Dataset extract
· · · · · · ·
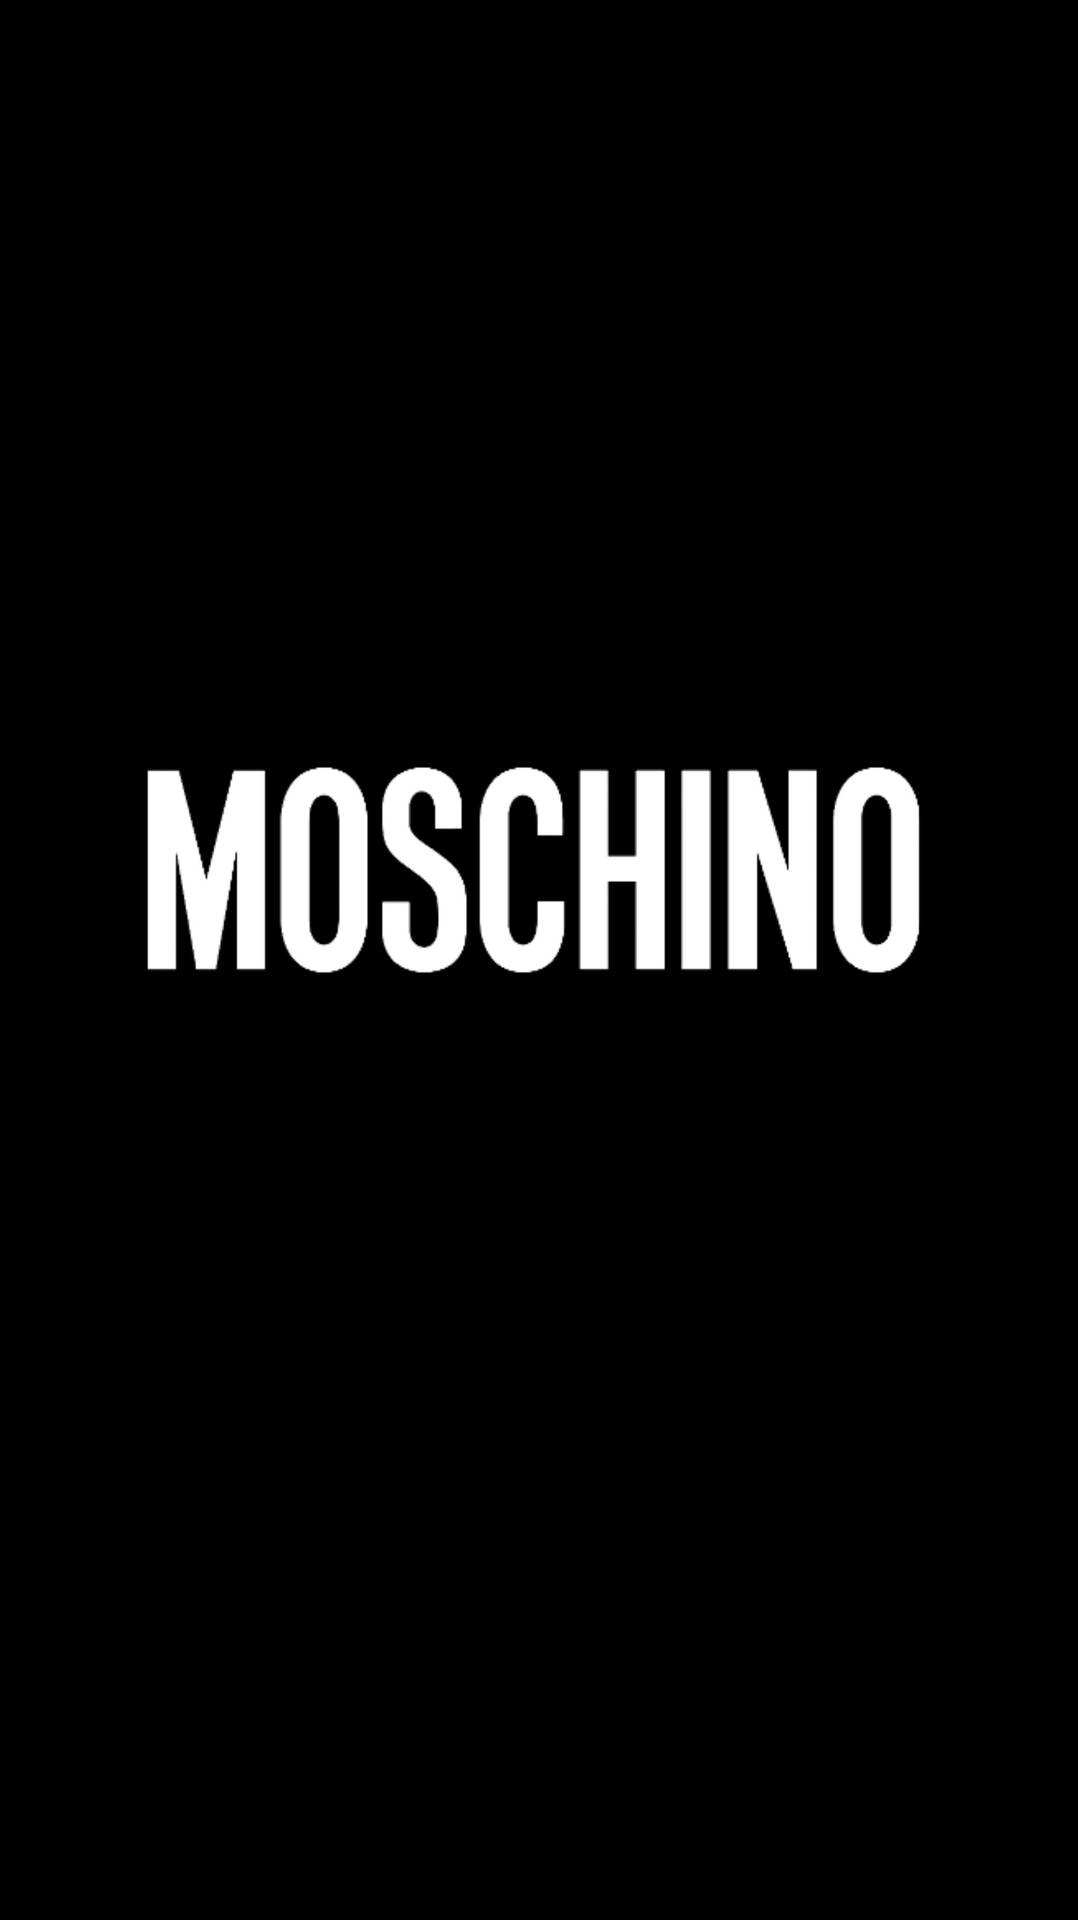 Black And White Moschino
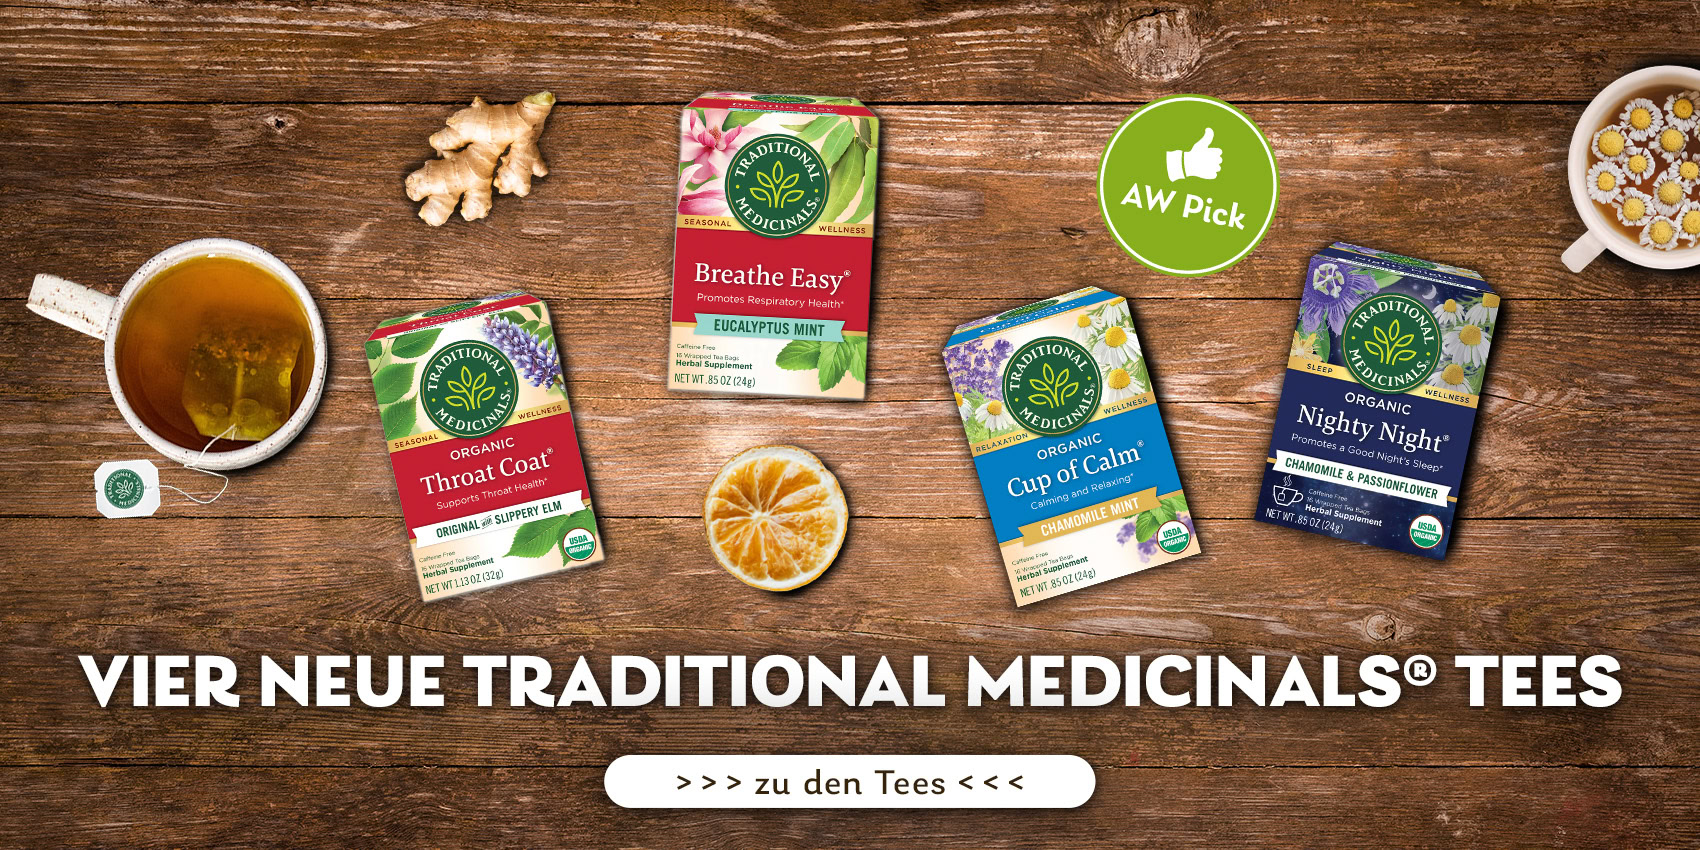 Traditional-Medicinals
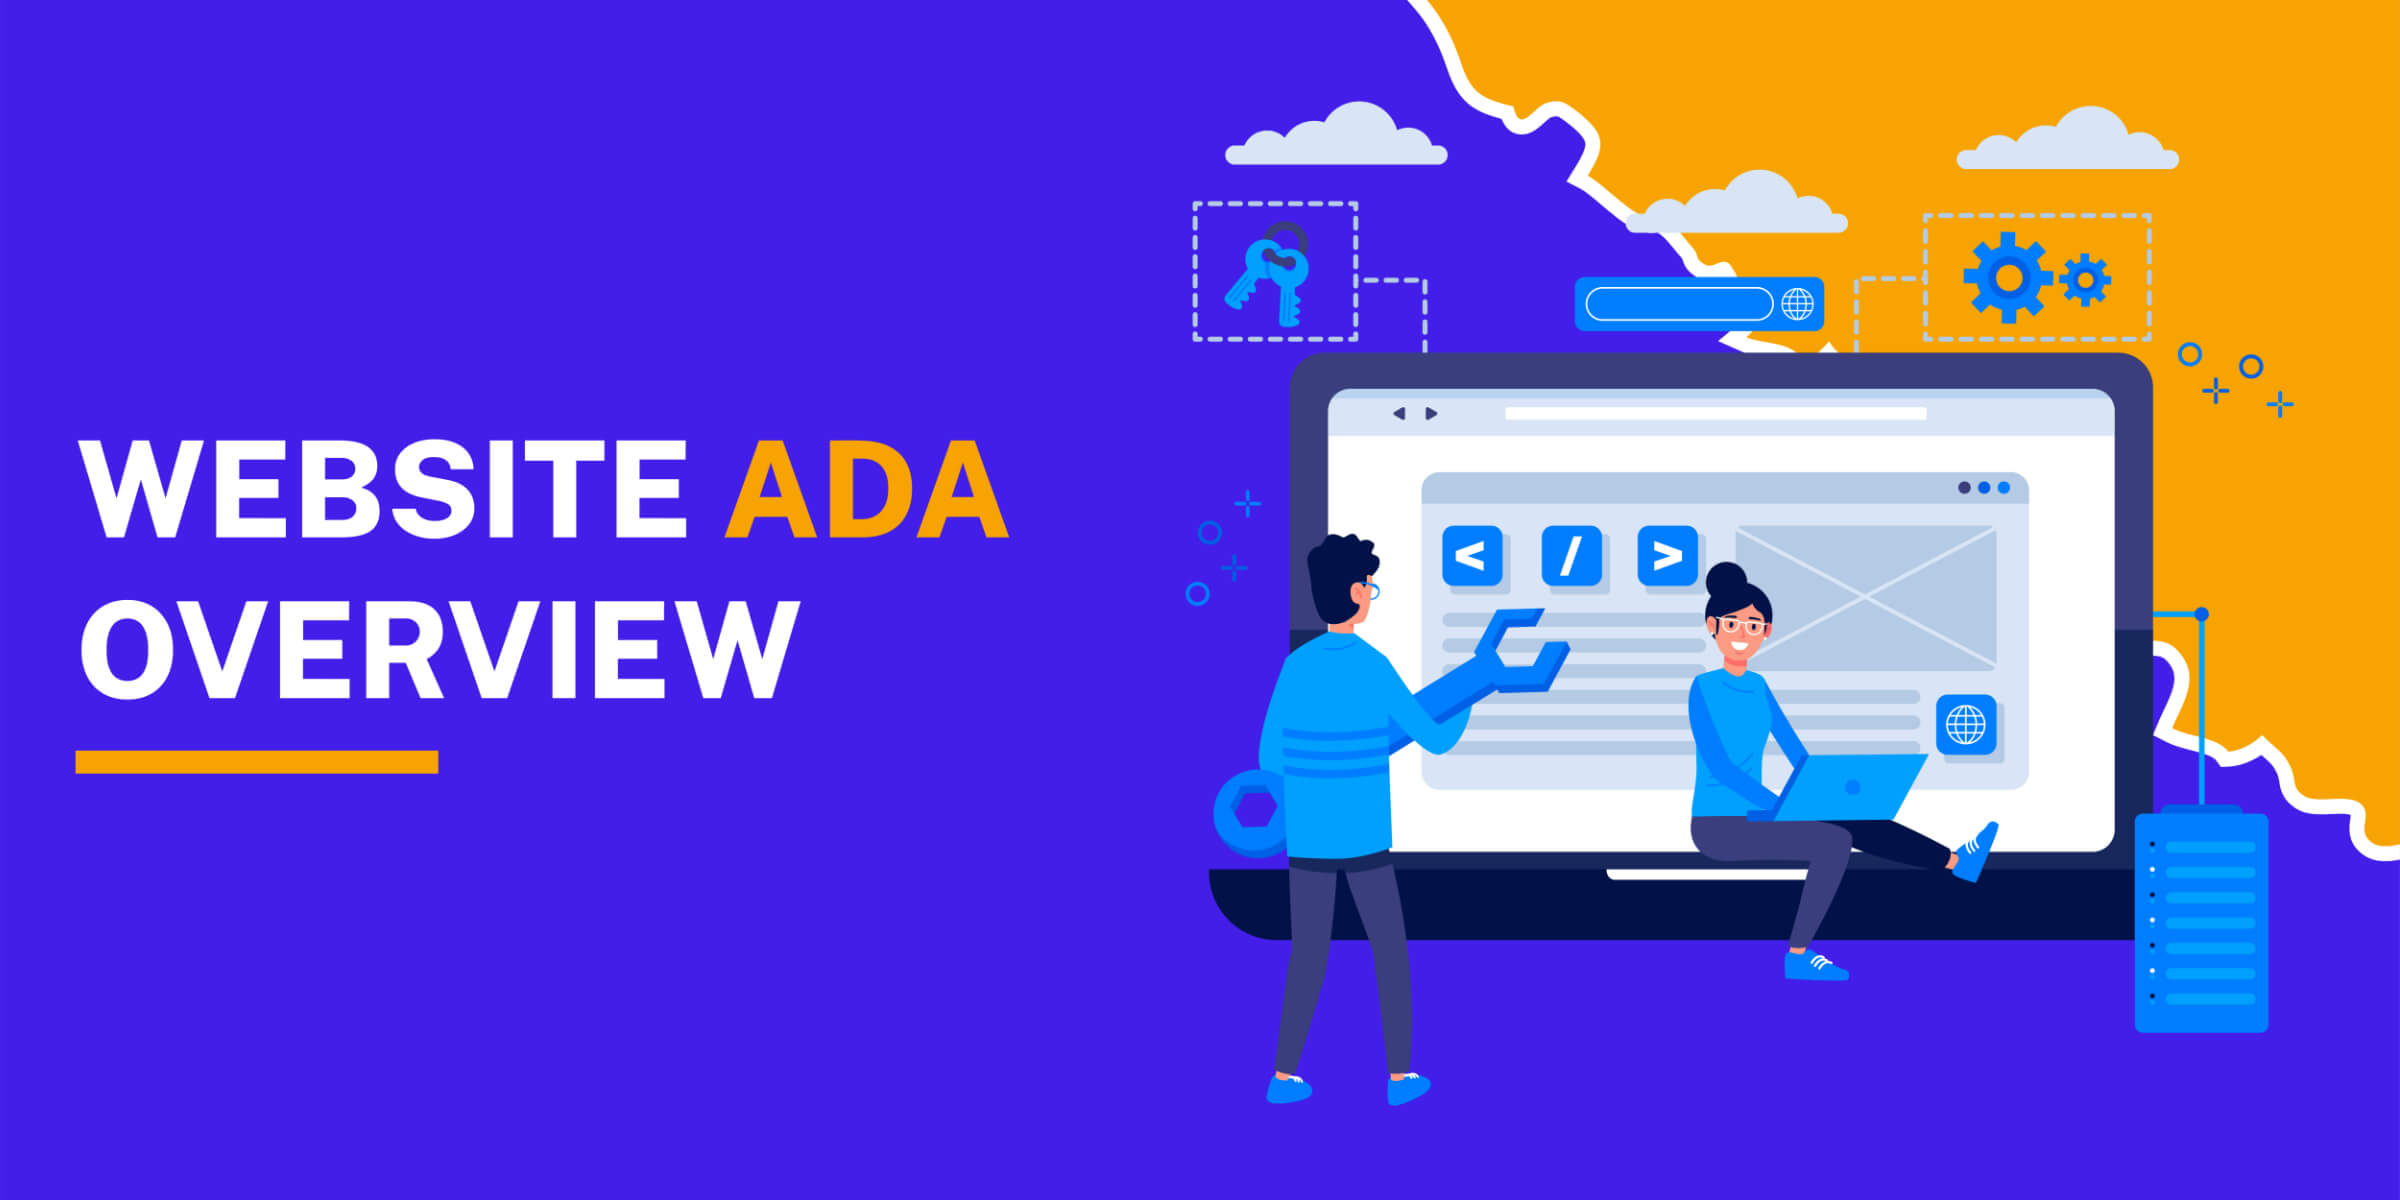 Website ADA Overview
· · · · · · ·
Task prompt
The material above must be printed exactly, with its pictures left out.

Answer to this exercise
 Black And White Moschino
 Traditional-Medicinals
 Website ADA Overview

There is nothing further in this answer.